昨天一备份数据库,在open read only的过程中出现故障,从而导致在standby上备份失败。alert log 中信息如下:
Errors in file /opt/oracle/admin/crmhz/udump/crmhz_ora_13914.trc:
ORA-00604: error occurred at recursive SQL level 1
ORA-16000: database open for read-only access
Error 604 happened during db open, shutting down database
USER: terminating instance due to error 604
Instance terminated by USER, pid = 13914
ORA-1092 signalled during: alter database open read only...
Tue Aug 10 09:31:51 2004
再查看trace file信息
[root@crmsb bdump]# more?? /opt/oracle/admin/crmhz/udump/crmhz_ora_13914.trc
/opt/oracle/admin/crmhz/udump/crmhz_ora_13914.trc
Oracle9i Enterprise Edition Release 9.2.0.1.0 - Production
With the Partitioning, OLAP and Oracle Data Mining options
JServer Release 9.2.0.1.0 - Production
ORACLE_HOME = /opt/oracle/product/9.2.0
System name:??? Linux
Node name:????? crmsb
Release:??????? 2.4.9-e.3smp
Version:??????? #1 SMP Fri May 3 16:48:54 EDT 2002
Machine:??????? i686
Instance name: crmhz
Redo thread mounted by this instance: 1
Oracle process number: 11
Unix process pid: 13914, image: oracle@crmsb (TNS V1-V3)
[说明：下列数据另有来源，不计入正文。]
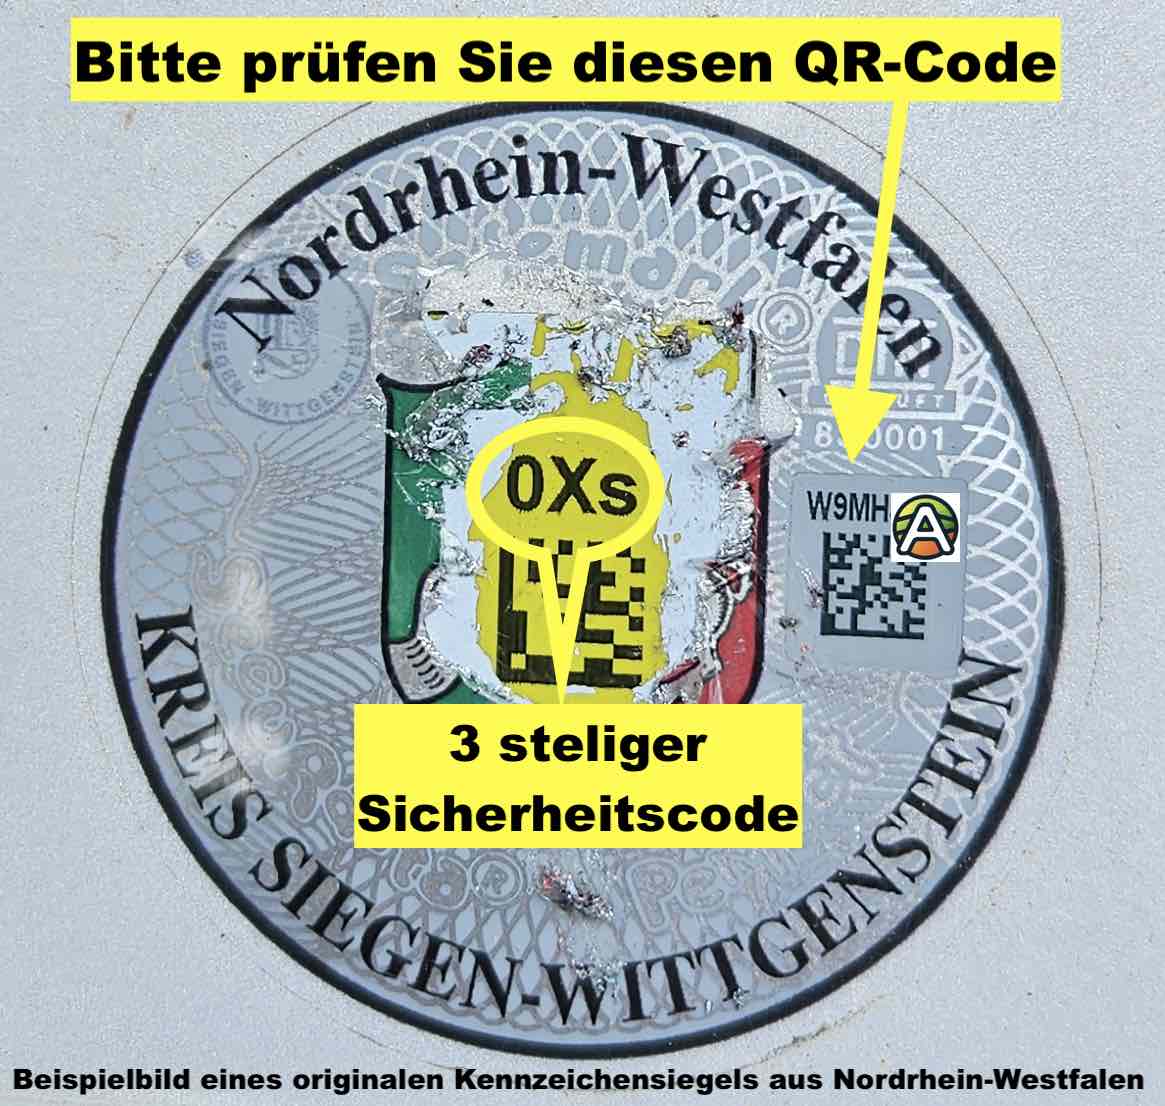 Beispielbild eines originalen Kennzeichensiegels aus Nordrhein-Westfalen

*** SESSION ID:(10.3) 2004-08-10 09:30:37.408
*** 2004-08-10 09:30:37.408
Managed Recovery: Cancel posted.
ORA-00604: error occurred at recursive SQL level 1
ORA-16000: database open for read-only access
都没有提供什么有价值的信息,很奇怪会出现604错误
于是决定trace? open过程
startup nomount
alter database mount standby? database;
select sid from v$mystat where rownum = 1;
select sid,serial# from v$session where sid = ?;
exec dbms_system.set_ev(sid,serial#,10046,12,'');
alter database open read only;
这是数据库crash ,找到trace file,发现末尾部分为
select grantee#,privilege#,nvl(col#,0),max(mod(nvl(option$,0),2))from objauth$ where obj#=:1 group by grantee#,privilege#,nvl(col#,0) order by grantee#
END OF STMT
PARSE #13:c=0,e=485,p=0,cr=0,cu=0,mis=1,r=0,dep=2,og=0,tim=1066522815818430
BINDS #13:
?bind 0: dty=2 mxl=22(22) mal=00 scl=00 pre=00 oacflg=08 oacfl2=1 size=24 offset=0
?? bfp=40647620 bln=22 avl=02 flg=05
?? value=72
EXEC #13:c=0,e=518,p=0,cr=0,cu=0,mis=0,r=0,dep=2,og=4,tim=1066522815819173
FETCH #13:c=0,e=58,p=0,cr=2,cu=0,mis=0,r=0,dep=2,og=4,tim=1066522815819296
=====================
PARSING IN CURSOR #12 len=34 dep=1 uid=0 oct=7 lid=0 tim=1066522815819480 hv=3008185193 ad='56fcbaac'
delete from idl_ub1$ where obj#=:1
END OF STMT
PARSE #12:c=10000,e=14804,p=6,cr=79,cu=0,mis=1,r=0,dep=1,og=0,tim=1066522815819472
BINDS #12:
?bind 0: dty=2 mxl=22(22) mal=00 scl=00 pre=00 oacflg=08 oacfl2=1 size=24 offset=0
?? bfp=40645a48 bln=22 avl=06 flg=05
?? value=4294951150
WAIT #12: nam='db file sequential read' ela= 41 p1=1 p2=22839 p3=1
WAIT #12: nam='db file sequential read' ela= 27 p1=1 p2=9 p3=1
EXEC #12:c=0,e=884,p=2,cr=4,cu=2,mis=0,r=0,dep=1,og=4,tim=1066522815820884
ERROR #12:err=16000 tim=1837753940
ORA-00604: error occurred at recursive SQL level 1
ORA-16000: database open for read-only access
EXEC #1:c=370000,e=375493,p=304,cr=5505,cu=4,mis=0,r=0,dep=0,og=4,tim=1066522815826303
ERROR #1:err=1092 tim=1837753940
很奇怪,正常standby数据库open read only的时候是没有delete的,在这里居然出现dml。于是一开始我尝试去研究idl_ub1$是个什么表,结果发现是存储 pl/sql代码的,很奇怪,这个数据库为什么会出现个状况,继续在 $ORACLE_HOME/rdbms/admin 下 grep -ir idl_ub1$ * ,结果找到和一个x$ 表挂上关系做连接了,未果,又通过 delete from idl_ub1$ where obj#=:1 中绑定变量value=4294951150 去结合搜索出来的view查找,也没什么进展。实际上,根据 WAIT #12: nam='db file sequential read' ela= 27 p1=1 p2=9 p3=1 可以知道这个delete是访问了file# =1 block#=9 的数据块,很显然,这是系统回滚段的块头,根据这里我们可以知道,这是一个回滚操作,也就是说,在主数据库中由于DDL 的失败,使得系统回滚段中记录了该操作的回退信息,但是数据库又还没有回滚完成,到了standby中就出现这个状况了。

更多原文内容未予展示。